Mittwoch, 13. Januar 2016

Bahnhofsprojekt Bozen: Endlich Nägel mit Köpfen?

Das Areal des Bozner Hauptbahnhofs soll umgebaut werden. Das heißt es schon seit einer gefühlten Ewigkeit. Nun soll es schnell gehen und die Ausschreibung des Großprojektes innerhalb der nächsten vier Monate erfolgen. Das kündigte Landeshauptmann Arno Kompatscher im Rahmen der aktuellen Fragestunde im Südtiroler Landtag an. Interessierte Investoren soll es bereits geben.

Das Siegerprojekt von Architekt Boris Podrecca.
Badge Local
Das Siegerprojekt von Architekt Boris Podrecca.

Die Neugestaltung des Bahnhofsgeländes ist das bedeutendste Bauvorhaben in der Landeshauptstadt seit Jahrzehnten. „Es ist eine Riesenchance für die Zukunft der Stadt, welche die Lebensqualität Bozens enorm steigern wird,“ ist SVP-Fraktionsvorsitzender Dieter Steger sicher.
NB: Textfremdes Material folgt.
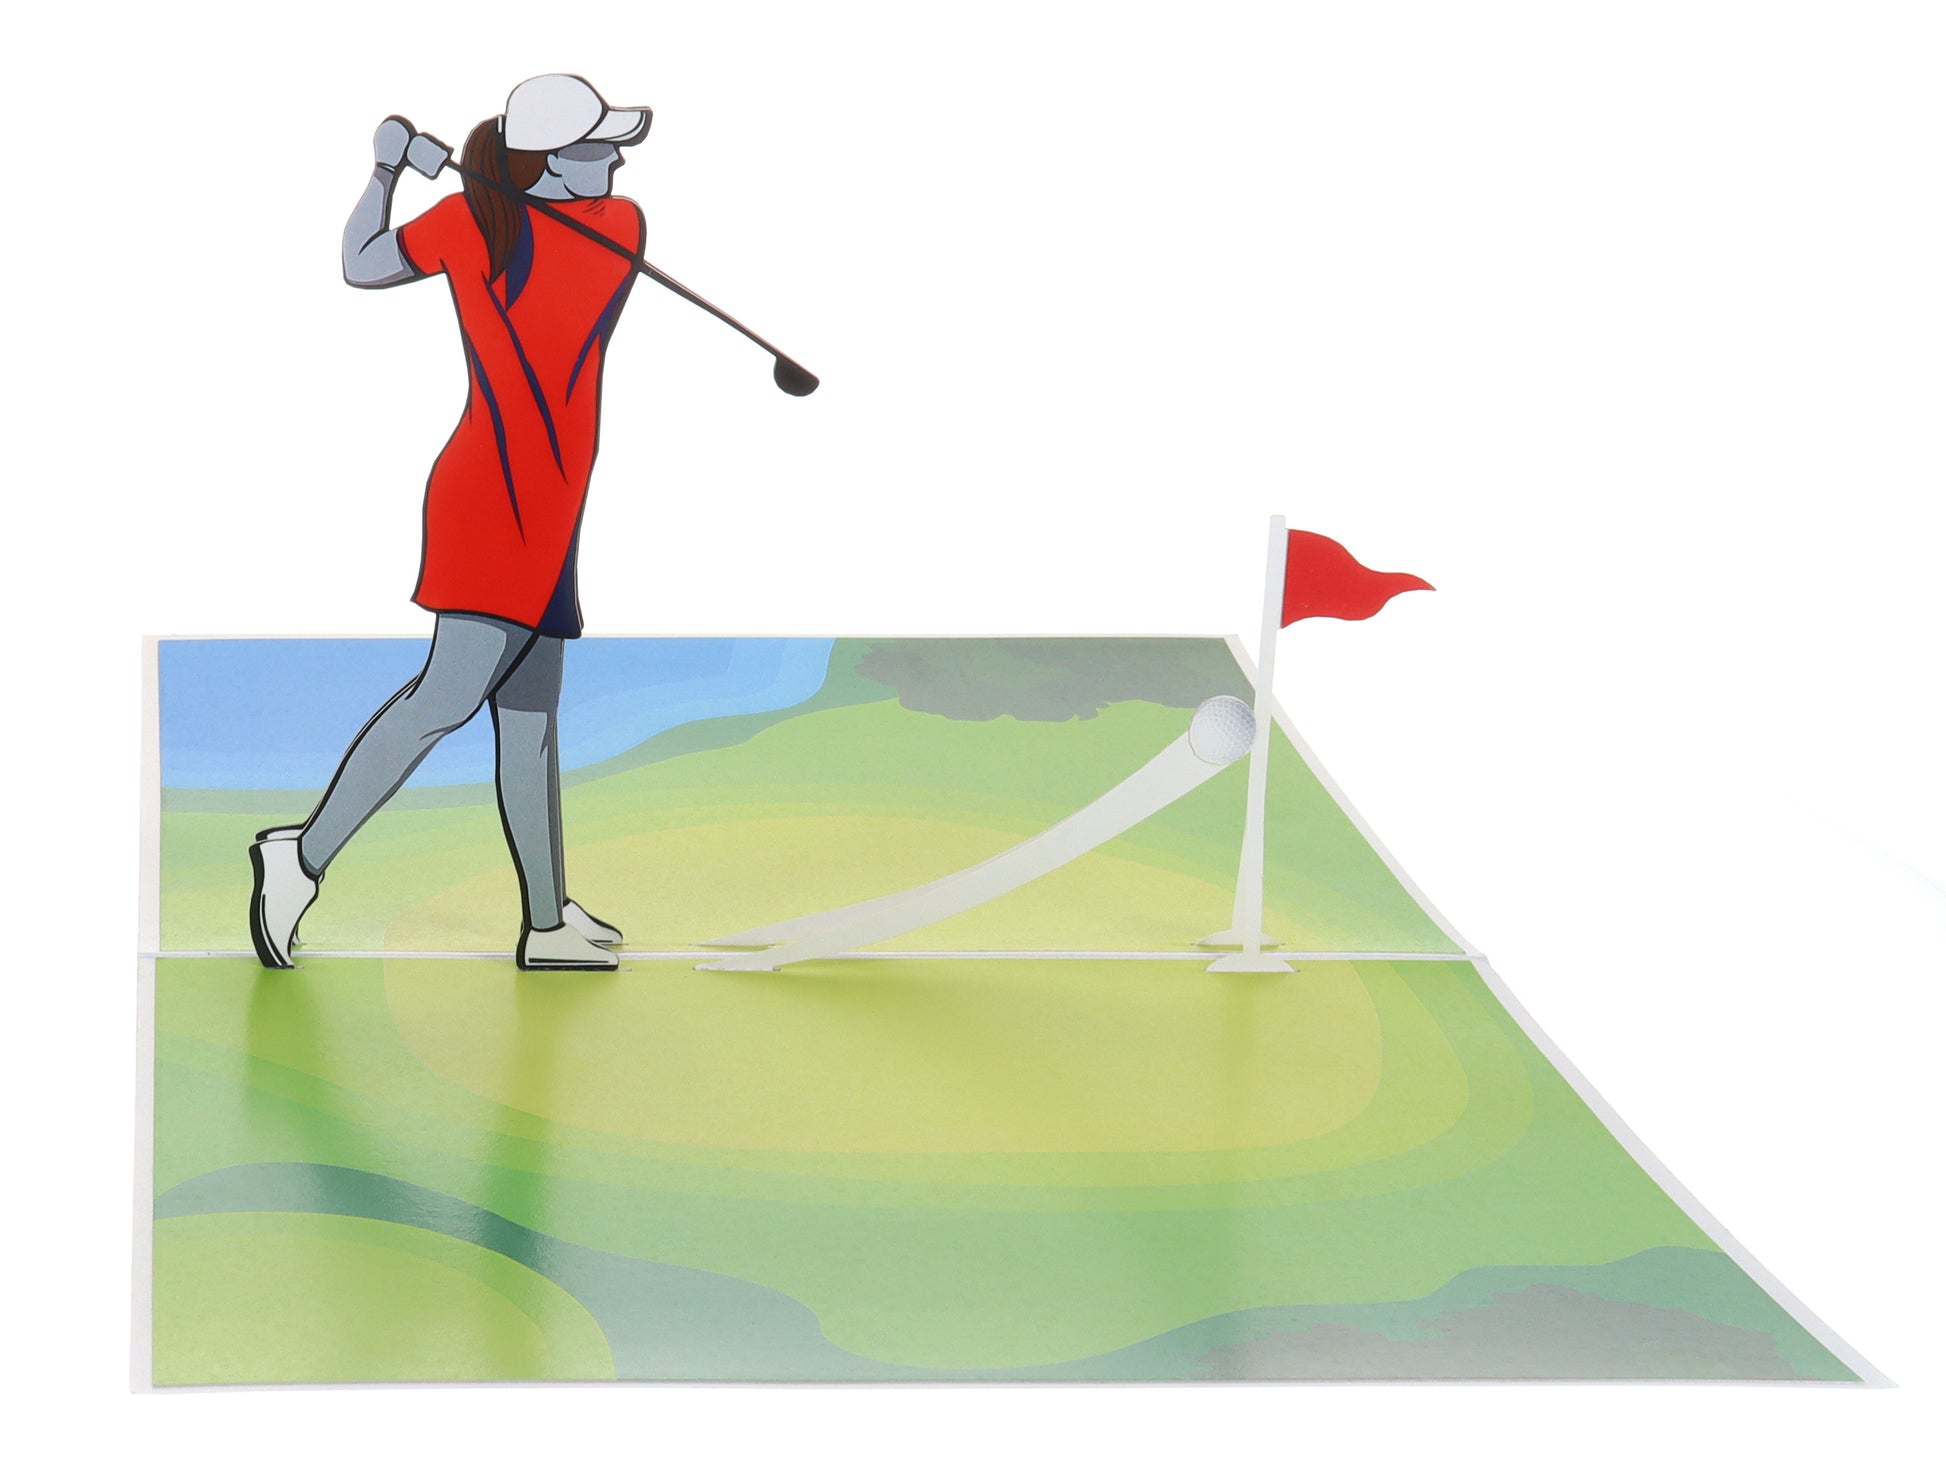 Awesome Lady Golf Card 3D Pop Up Greeting Card - Congrats - Congratulations - Get Well - Graduation - iGifts And Cards

Ausschreibungen in Planung - 1 Milliarde Euro an Kosten

Umso erfreulicher ist die Nachricht des Landeshauptmannes, dass die Ausschreibung dazu innerhalb der nächsten vier Monate erfolgen wird.  

Es wird damit gerechnet, dass sich die Investitionen auf annähernd eine Milliarde Euro belaufen werden, wovon mehr als ein Viertel auf die Verlegung von Infrastruktur entfällt. 

Ein Investor soll das gesamte Projekt übernehmen

Als besonders interessant bezeichnet Steger die „Small-Bussiness-Klausel“, die in der Ausschreibung des Bahnhofsareals enthalten sein wird. Steger erklärt: „Der Gewinner der Ausschreibung (Investor) wird das gesamte Projekt übernehmen, für die Umsetzung der Arbeiten muss er allerdings auf kleinere einheimische Firmen zurückgreifen. Und das kann nur in unserem Sinne sein!“

Dass sich das Projekt zur Gänze selbst tragen werde, sei vor allem dem Vorhaben zu verdanken, neben einem modernen Mobilitätszenturm im Herzen der Stadt auch hunderte neue Wohnungen in attraktiver Lage zu realisieren.

Wohnungen realisieren - schon Investoren am Haken

„Eine Studie besagt, dass sich der Verkauf dieser Wohnungen marktwirtschaftlich als sehr interessant erweisen wird,“ bemerkt Steger und meint: „Zumal die Wohnungen schrittweise entstehen werden, müssen sie nicht alle auf einmal vorfinanziert werden. Das schafft wertvollen Finanzierungsspielraum“.

Einige interessierte Investoren für das Gesamtprojekt hätten sich bereits  gemeldet, lässt Landeshauptmann Kompatscher verlauten.

Die Umgestaltung des Bahnhofsareals und das Siegerprojekt

Das Projekt ist gigantisch. Durch einen Planungswettbewerb wurde ein Siegerprojekt erkoren, welches die Verlegung des Bahnhofs nach Südosten vorsieht. Die historische Trasse durch Rentsch würde ersetzt und ca. 20 Hektar Fläche auf dem bestehenden Betriebsgelände gewonnen werden.